Correlation analysis is a set of mathematically grounded methods by which the correlation dependence is found between a pair of factors or features having a random component. In the set of techniques used in this method of research, widespread:

- construction of correlation fields, compilation of correlation tables;

- calculation of the correlation ratio or sampling coefficients;

- testing the hypothesis of the statistical significance of links.

The continuation of the research leads to the establishment of specific types of interrelation between the quantities. The relationship between random characters or factors of more than three needs to use the multivariate analysis method.

The field and table, which are constructed by correlation analysis, are used as auxiliary tools in the analysis of sample data. By applying selective points on the coordinate plane field, we come to the so-called correlation field. By how the points are located, you can already make a preliminary forecast and determine the form of the dependence of random variables. Numerical processing of the results requires grouping them in the form of a correlation table.

First appearing in the 18th century, the term "correlation" with the light hand of paleontologist Georges Cuvier began to be actively used for the process of restoring the appearance of fossil animals to parts of its remains. The development of a narrowly directed paleontological method led to the fact that the correlation analysis began to be used in the most diverse spheres of human life activity.

This method is attractive for the processing of statistical data. The correlation analysis in statistics was first used by the English biologist and statistician Francis Galton at the end of the 19th century. In the future, the development of the method made it possible to measure the tightness of the connection between a pair and a large number of variables. Correlation analysis has a close relationship with regression analysis.

Correlation analysis in the economy takes a special place. But its use imposes a number of limitations. First of all, this is the presence of a sufficient number of measurements and data for study.
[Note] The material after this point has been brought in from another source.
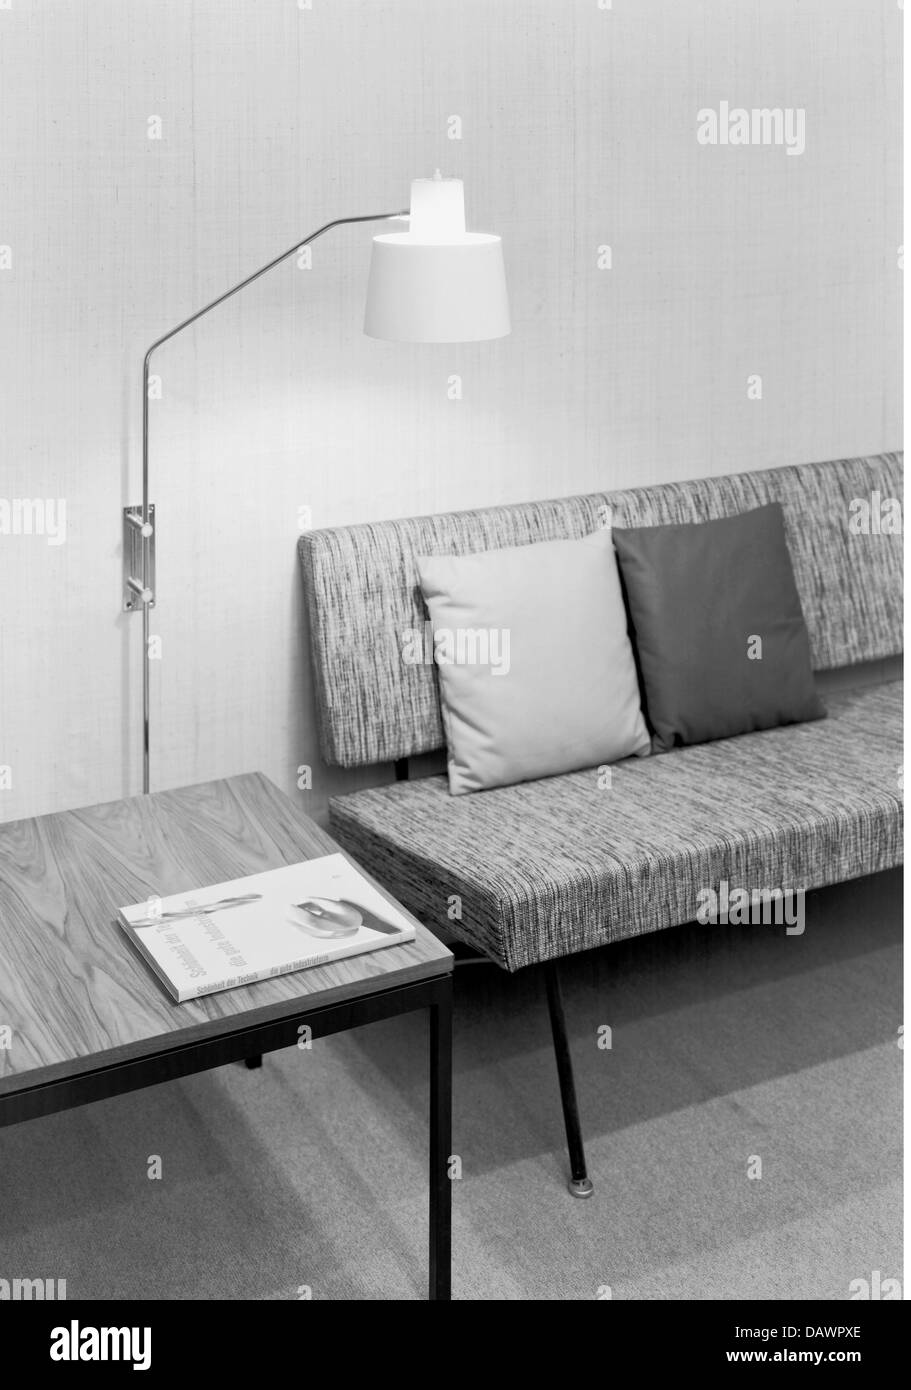 1960s 1960 Stock Photos & 1960s 1960 Stock Images - Alamy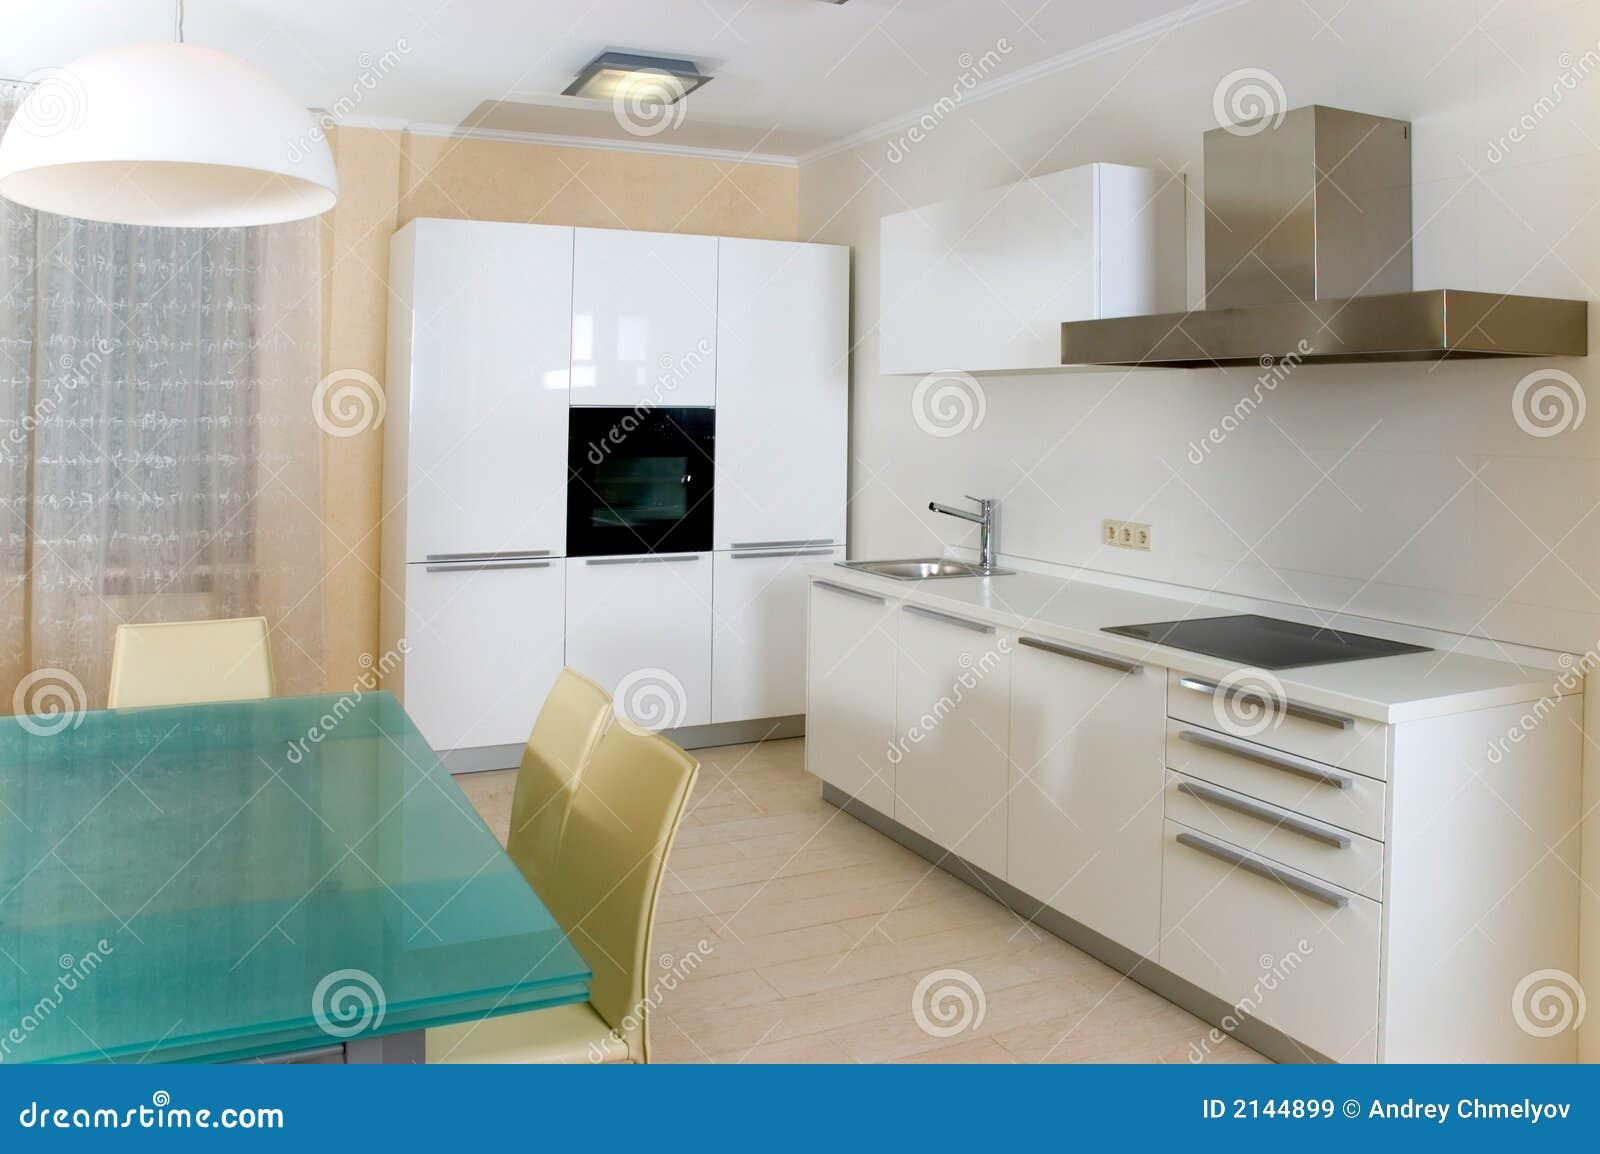 Moderne keuken met meubilair stock afbeelding afbeelding 2144899 - Center meubilair keuken ...

Practice suggests that the number of observations should exceed by 5-6 times the number of factors. The optimal option is the presence of a number of observations exceeding the number of factors several dozen times. In this case, the law of large numbers operates, thanks to it there will be an inter-extinction of random oscillations.

Also, it is necessary to ensure that the entire set of factor and performance traits is subject to a normal multidimensional distribution. There are cases when the volume of the aggregate is not enough to perform a formal test for compliance with the normality of the distribution, then the definition of the distribution law is visually performed according to the correlation field data. If the points are arranged according to a linear trend, then it is quite realistic to conclude that the set of initial data will satisfy the requirements of the normal distribution law.

In the initial set of values, it is necessary to monitor the qualitative homogeneity.

The presence of the fact of the correlation dependence does not give grounds for the assertion that an arbitrarily taken variable precedes the appearance of the second or causes its changes, in other words, there is no strict causal relationship between them, and even the operation of some third factor is possible.

Applying the results of analysis in practice on the basis of correlation methods of research, it is possible to draw a number of definite conclusions about the presence, and most importantly, the nature of interdependence. This already gives a weighty share of information about the object under investigation.